South Africa’s latest Consumer Confidence Index (CCI) for the second quarter of 2019 shows a three point increase to 93, presenting a marginally more positive quarter on quarter picture for consumer sentiment in South Africa.
Nielsen South Africa Connect MD Kerith Botha says; “Despite experiencing tight financial conditions due to factors such as rising fuel and utility prices and lower personal income in real terms, South African consumers are feeling slightly more positive which has translated into the increase in their overall confidence levels.
“This is also echoed by recent Stats SA data which showed that the economy grew beyond expectations, by 3.1% in the second quarter of 2019. In addition, food price increases at major supermarkets have remained between 3% and 6%, below current consumer price inflation figures for South Africa.”
The battle of the budget
Against this backdrop, 19% of South Africans’ monthly budget allocation currently goes towards food and beverages at home, 17% to housing (rent, mortgage and utilities etc) and 10% on education. Interestingly, South Africans allocate the same amount of their budget (9%) to communication services like mobile phone landline, internet, cable tv etc and the daily grind of routine transport.

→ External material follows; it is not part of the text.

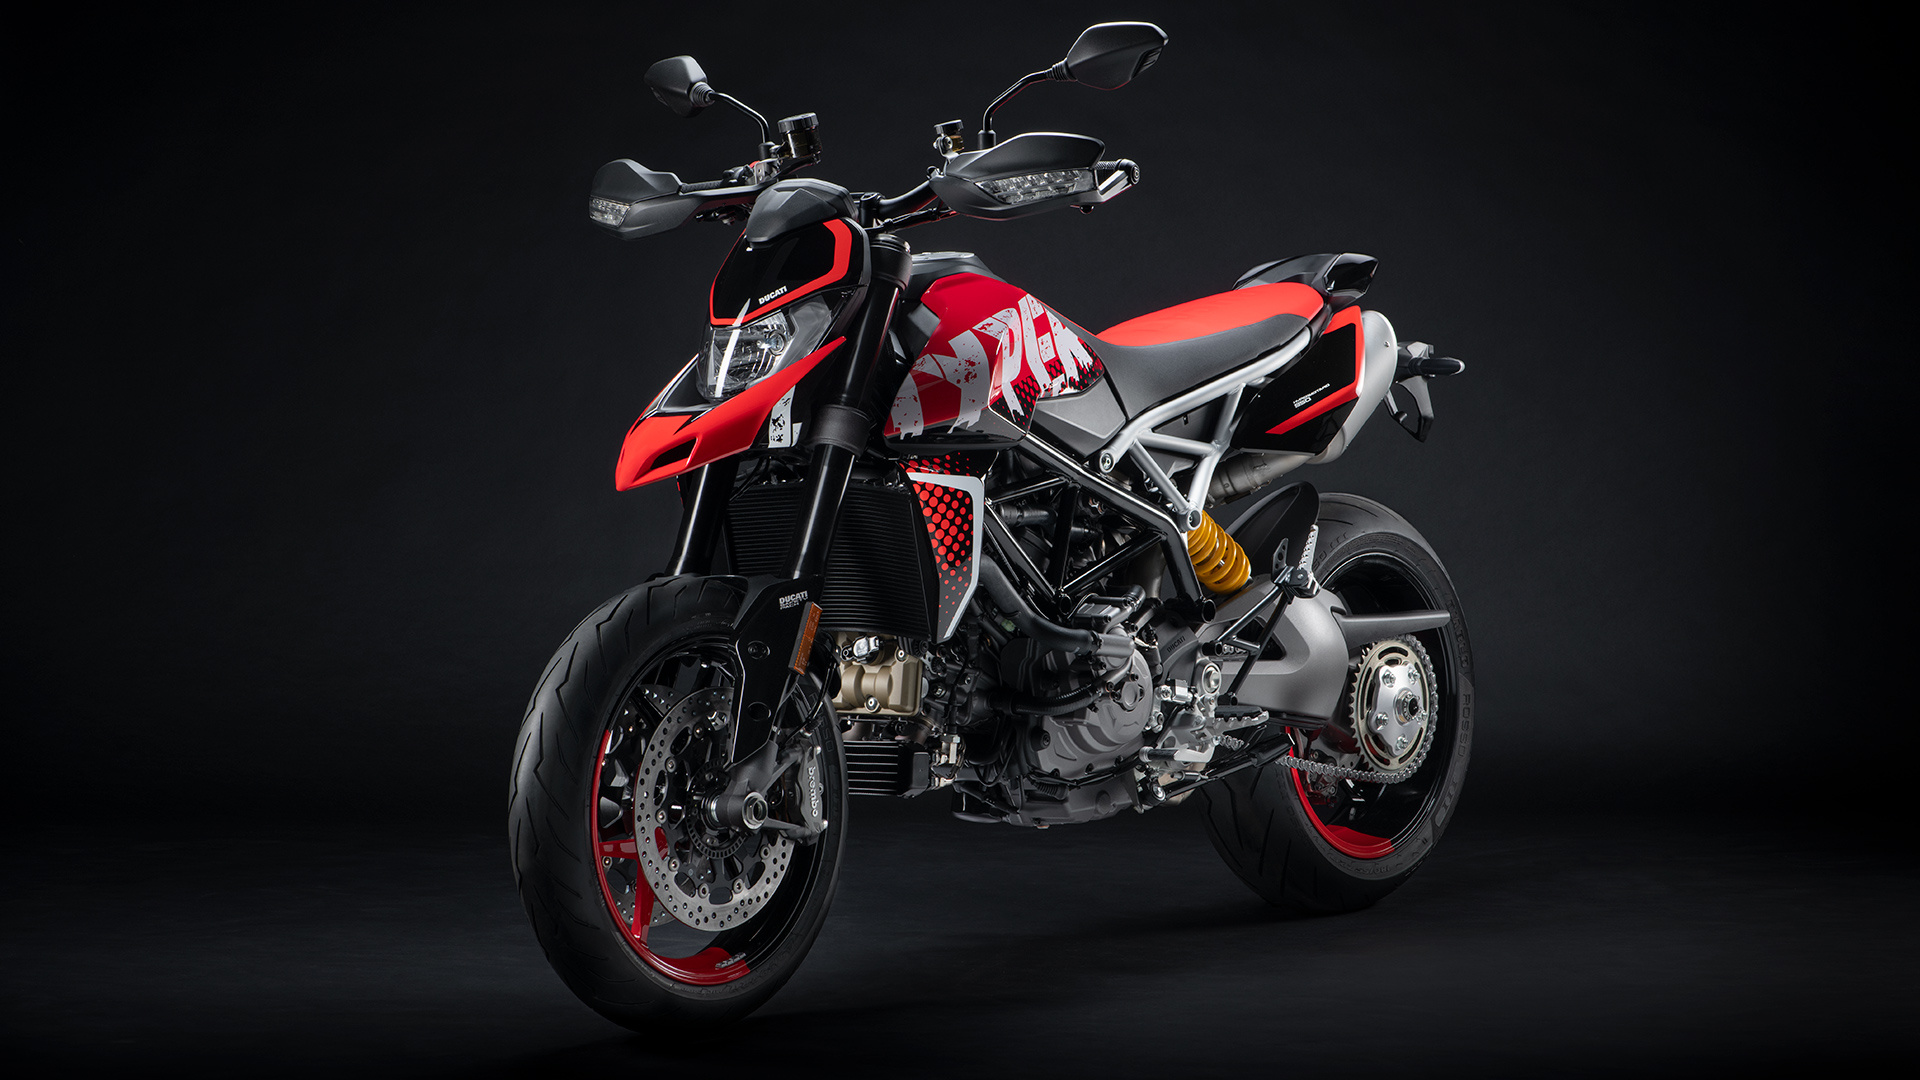 Ducati Hypermotard 950, 2021 model, Motorrad center showcase, Thrilling performance, 1920x1080 Full HD Desktop

In terms of whether South Africans have any spare cash, 80% say yes. The highest number of consumers 47% (up from 45% in the previous quarter) put their disposable income into savings, followed by 34% paying off debts, credit cards and loans. Twenty seven percent of respondents said they would spend it on new clothes, while 23% said they would spend their spare cash on out of home entertainment, which may well be due to the need for a respite from the day to day realities of their lives.
Looking at how South Africans have adapted to the current wallet squeeze scenario, 84% of South Africans say they have changed their spending to save on household expenses. The top action they have taken to save on money is cutting down on takeaway meals (61%) followed by spending less on new clothes (56%) and switching to cheaper grocery brands (49%, although this is a seven point improvement over the 56% it was in the previous quarter).
In terms of their outlook, 74% South Africans think the country is currently in a recession, versus 78% in the previous quarter. When it comes to their top concerns, 30% of South Africans cite the economy as their top concern, followed by job security at 26%, crime at 21% and increasing fuel prices also at 21%.
Where to from here?
Looking to the future, there has been a one point increase in the number of South Africans who view their job prospects as excellent or good to 33%, with those who say the state of their personal finances over the next 12 months will be excellent or good, having increased by three points to 66%. There has also been a positive uptake when it comes to spending intentions, with a two point increase to 31% South African consumers who feel now is a good or excellent time to purchase what they need or want.
Commenting on this unfolding scenario Botha comments; “South African consumer sentiment is stable at present off the back of positive movement during the last three quarters. It will be interesting to see how consumer confidence and spending intentions are impacted by macro-economic factors and consumers’ personal outlook in the months to come.”